Depletion of the Shwachman-Diamond Syndrome Gene Product, SBDS, Leads to Growth Inhibition and Increased Expression of OPG and VEGFA.

Shwachman-Diamond syndrome (SDS) is an autosomal recessive disorder characterized by bone marrow failure and leukemia predisposition, pancreatic exocrine dysfunction, and skeletal abnormalities, manifesting as skeletal dysplasia and osteoporosis. Mutations in SBDS have been shown to cause SDS, but the function of the SBDS gene product is unclear. Accelerated angiogenesis has recently been described in bone marrow cells from SDS patients.
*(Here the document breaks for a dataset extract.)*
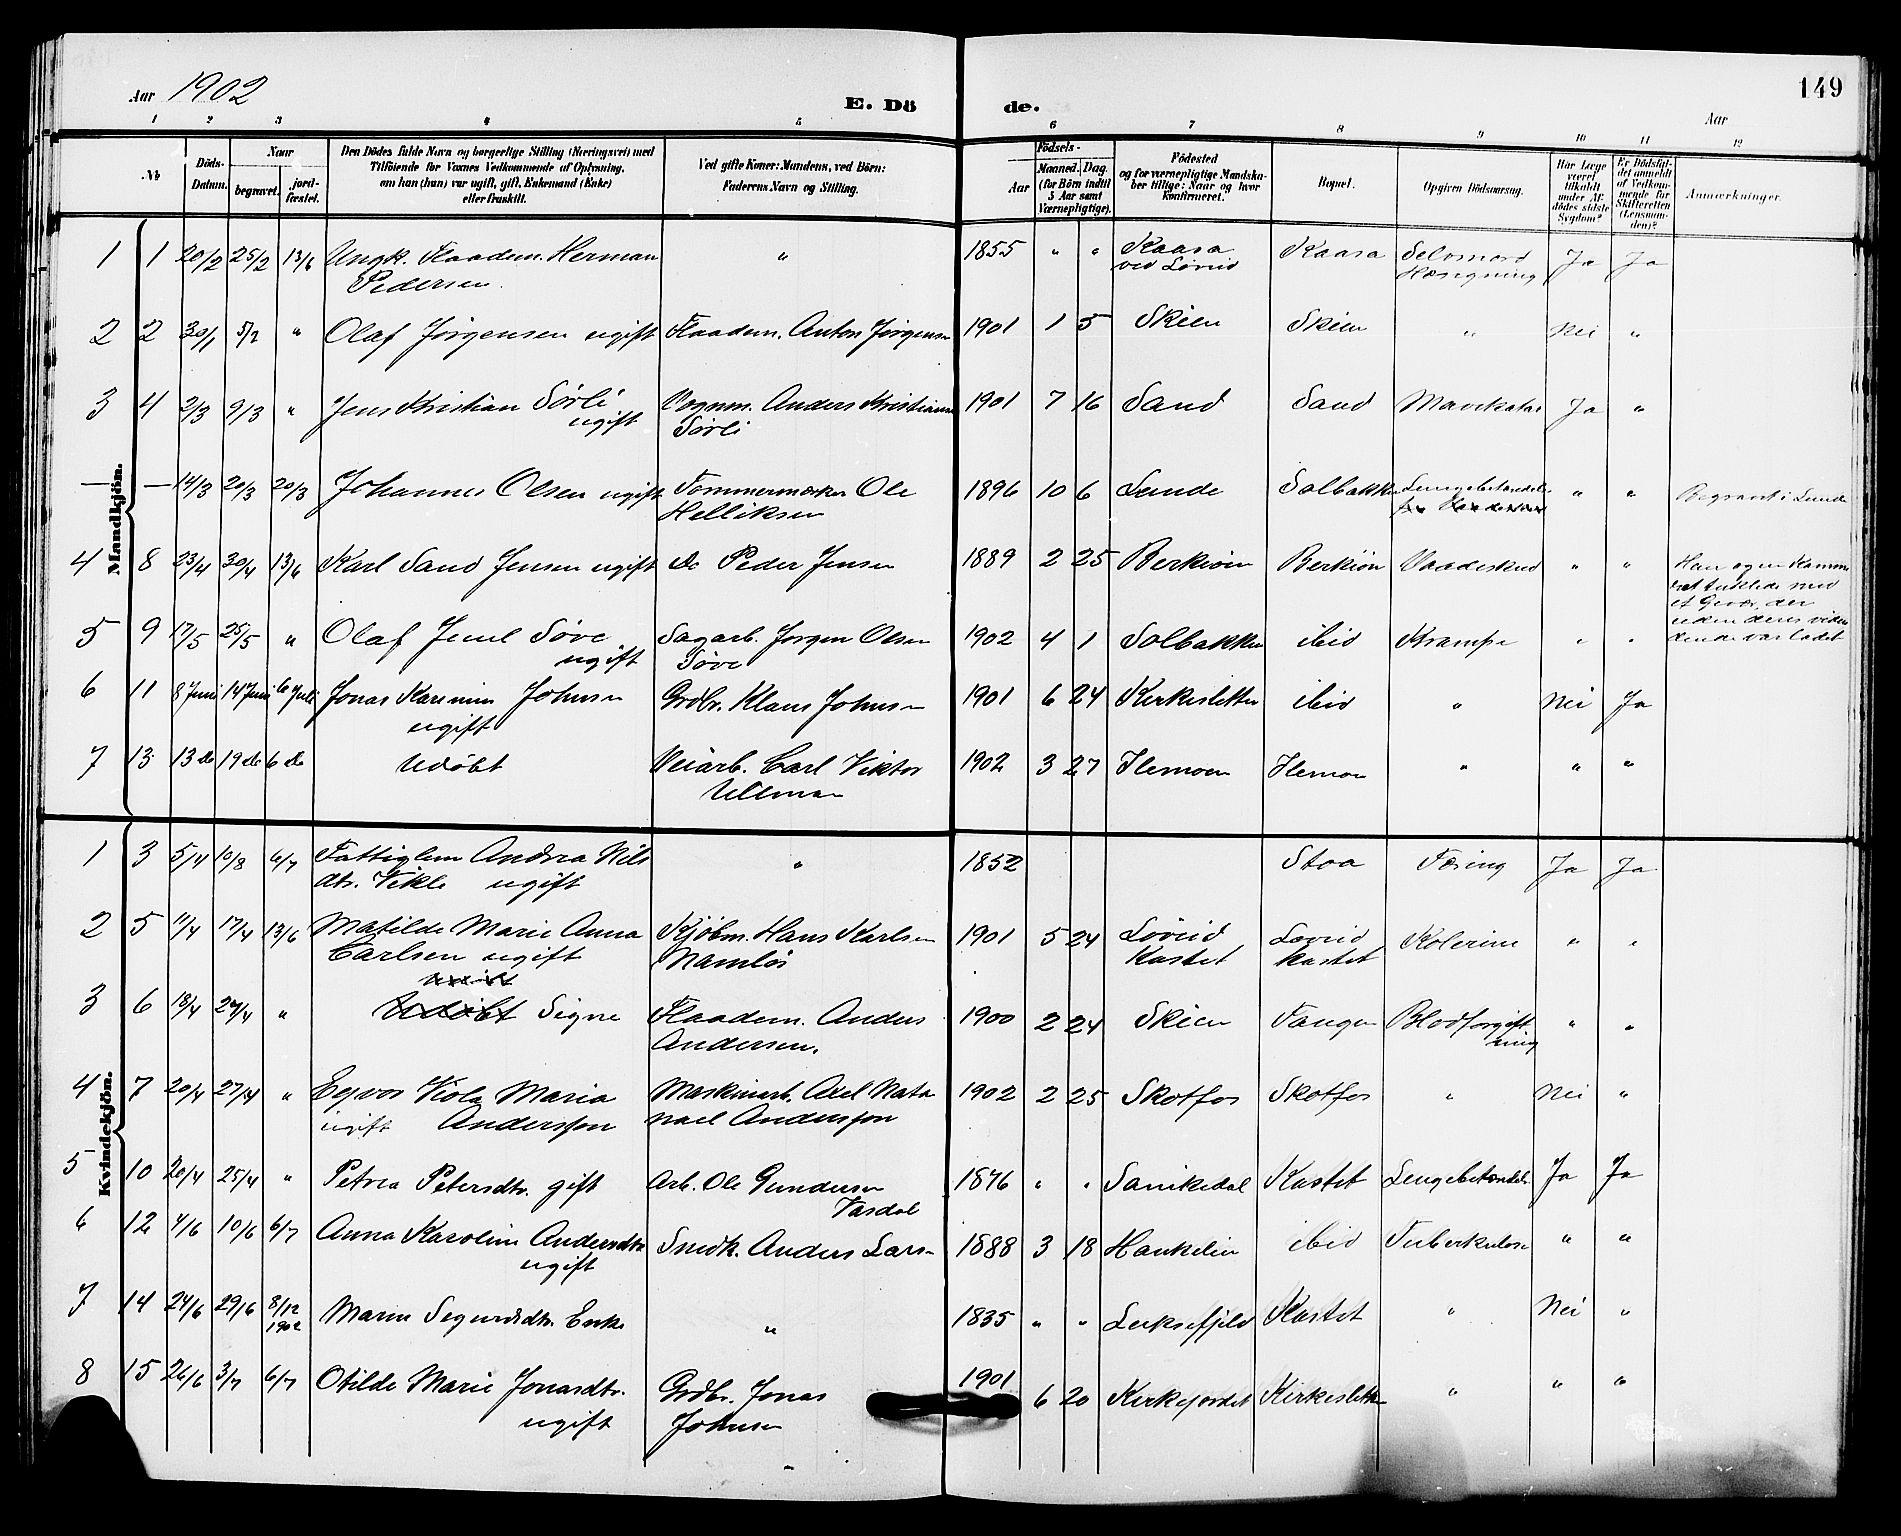 SAKO, Solum kirkebøker, G/Gb/L0004: Klokkerbok nr. II 4, 1898-1905, s. 149

To clarify the unknown function of SBDS, we performed experiments analyzing the cellular effects of depleting SBDS by constitutive or inducible RNA interference. The growth of HeLa and NIH3T3 cells constitutively depleted of SBDS was markedly hindered when compared to cells stably transfected with siRNA against an irrelevant control gene. However, the growth abnormality was related to a significantly increased propensity to apoptosis in NIH3T3 more than in HeLa cells. We believe these differences are related to inactivation of p53 in HPV-18 positive HeLa cells, suggesting that depletion of SBDS may partially sensitize cells to p53-mediated apoptosis. As in constitutive knockdown, HeLa cells induced by doxycycline to express siRNA against SBDS exhibited growth inhibition, which was associated with modestly increased levels of apoptosis, suggesting a partial contribution of this process in inducible knockdown cells. By microarray analysis of knockdown cells, we found marked differences in expression of genes in multiple pathways, and we chose to examine a selected subset more closely using quantitative PCR arrays. In constitutive and inducible SBDS-depleted HeLa cell clones, we found 3- to 6-fold elevated mRNA levels of osteoprotegerin (OPG or TNFRSF11B) and vascular endothelial growth factor-A (VEGF-A). We confirmed significant overexpression of both secreted proteins by ELISA from supernatants of SBDS-depleted HeLa cells. Osteoprotegerin and VEGF-A are known to have diverse effects on osteoclast differentiation, angiogenesis, and monocyte/macrophage migration, all processes that may be aberrant in SDS, and we propose that overexpression of these factors may contribute to its pathology.